# Eclipse UML Plugin



## Wolfsbein (23. Oktober 2004)

Hallo

ich brauche ein UML Plugin für Eclipse (möglichst umsonst). Das von Omodo läuft unter Eclipse 3 nicht und die Together Community Edition von Borland unterstützt das Drucken nicht, was ich aber dringend brauche. Im Forum habe ich nichts entsprechendes gefunden. Hat irgendjemand einen Geheimtipp für mich? Danke.


----------



## AKST (23. Oktober 2004)

Hallo schaue dir doch mal objectif von microtool an. Die haben auch eine kostenlose Personal Edition (Eclipse-Edition) die halt nur im Singleuser Betrieb funktioniert aber ansonsten fast alle Features besitzt. Ich glaube die Anzahl der Diagramme ist auch beschränkt, aber schau selbst.

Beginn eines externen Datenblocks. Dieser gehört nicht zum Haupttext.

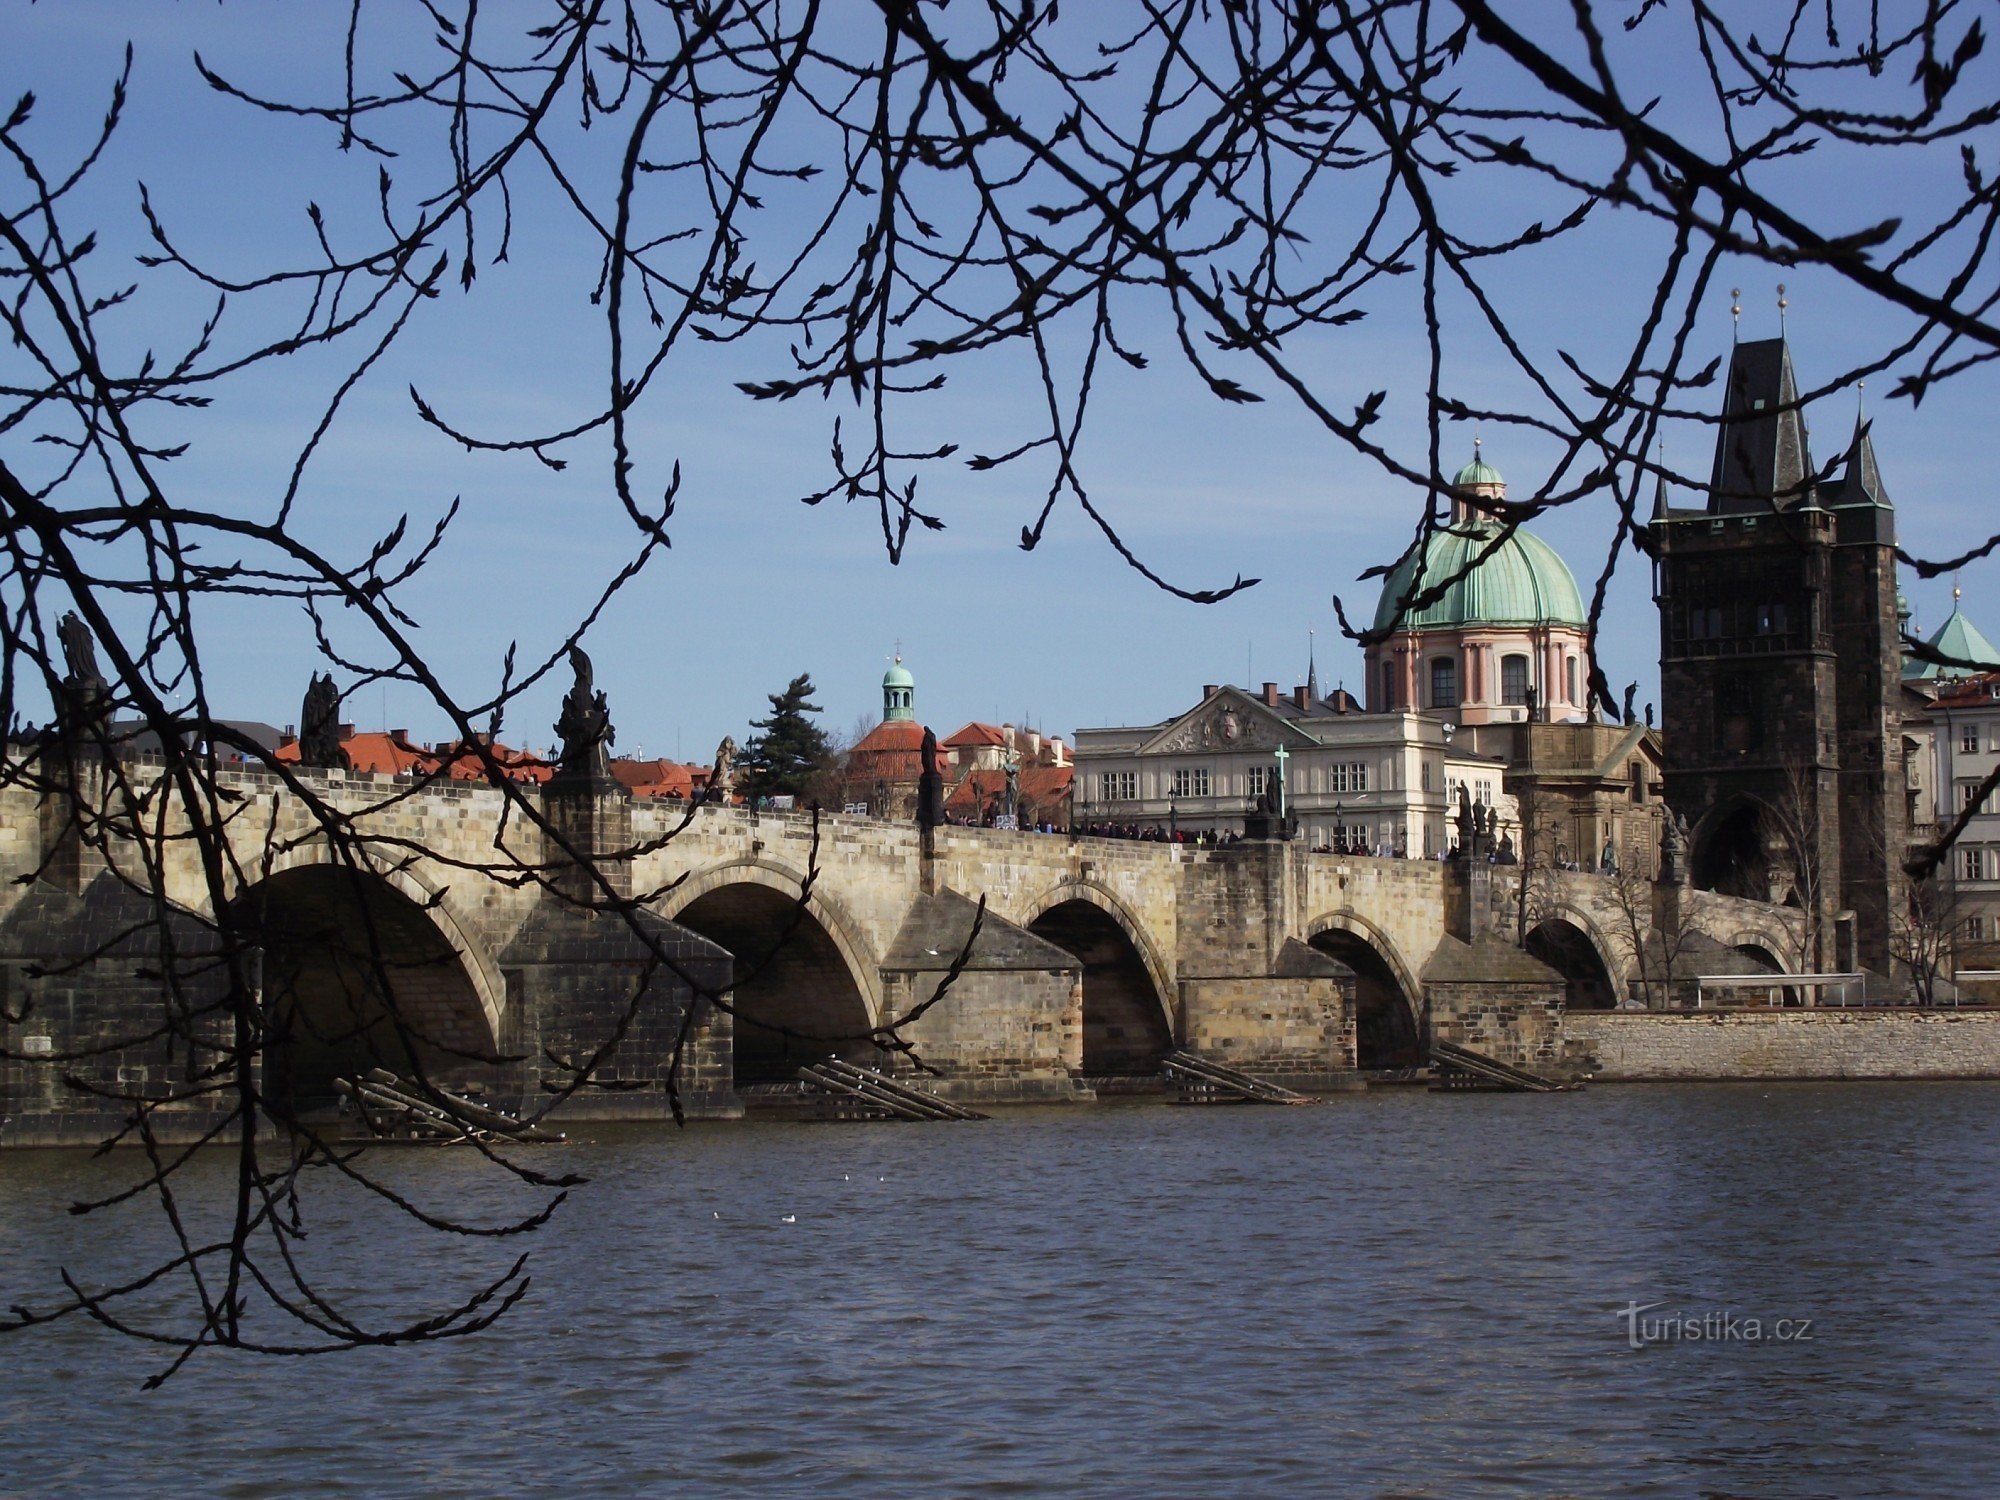 Erotik på Karlsbroen (Prag - Old Town Bridge Tower)
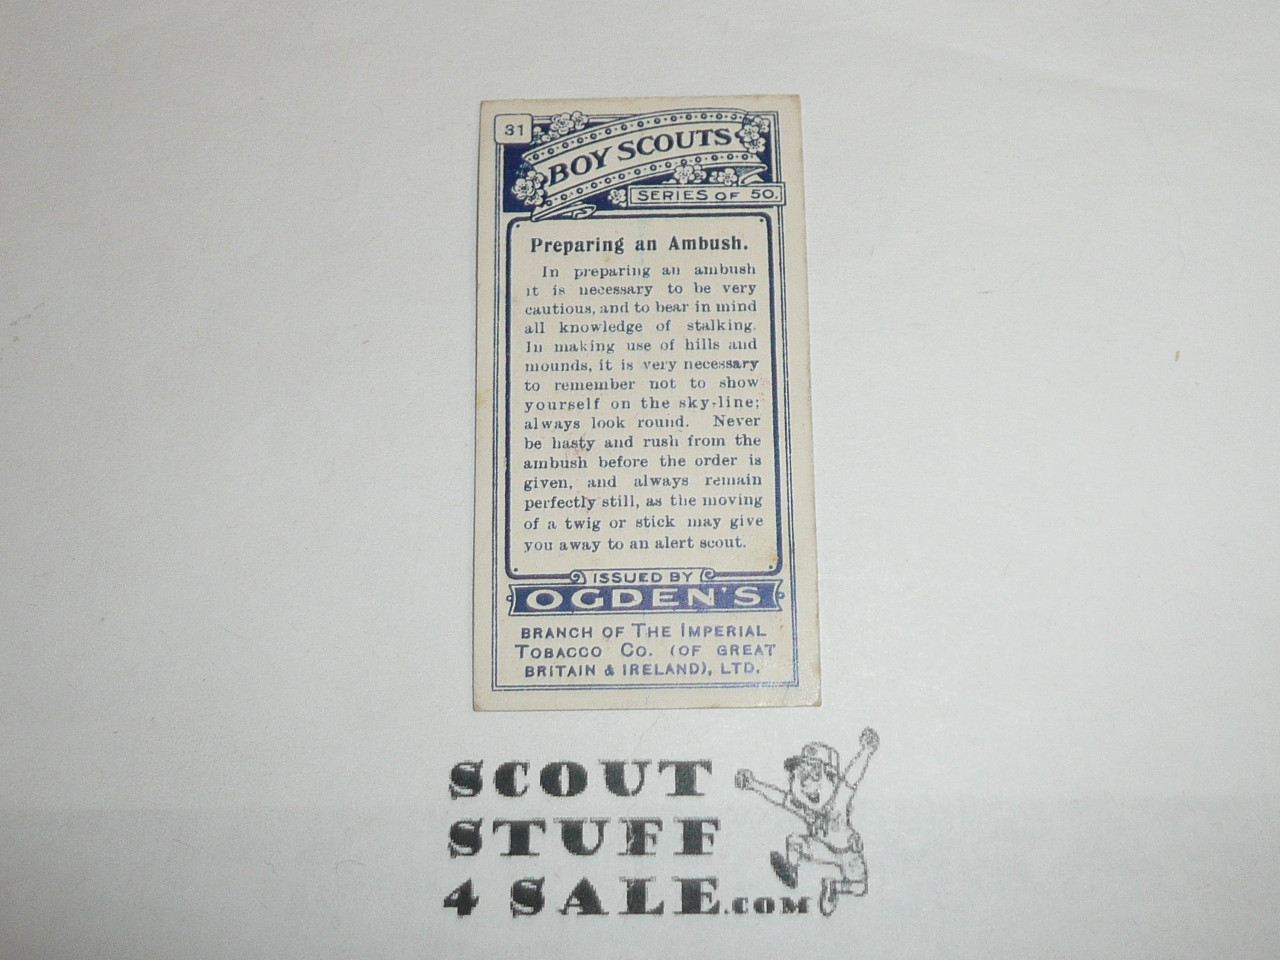 Ogden Tabacco Company Premium Card, First Boy Scout Series of 50 (Blue Backs), Card #31 Preparing an Ambush, 1911

http://www.microtool.de/objectif/de/index.asp


----------



## Thomas Darimont (23. Oktober 2004)

Muss es unbedingt Eclipse sein?
http://argouml.tigris.org/

Gruß Tom


----------



## Wolfsbein (23. Oktober 2004)

Ich kenne ArgoUML und neheme es auch her. Nur wünscht die Uni, dass es als Eclipse-Plugin läuft. ObjectiF werde ich mir mal anschauen.


----------



## Thomas Darimont (23. Oktober 2004)

...und wie wärs damit ;-)
http://argo2ecore.sourceforge.net/

oder hiermit:
http://www.eclipse.org/uml2/

oder:
http://www.objecteering.com/packaging_personal_edition.php

Gruß Tom


----------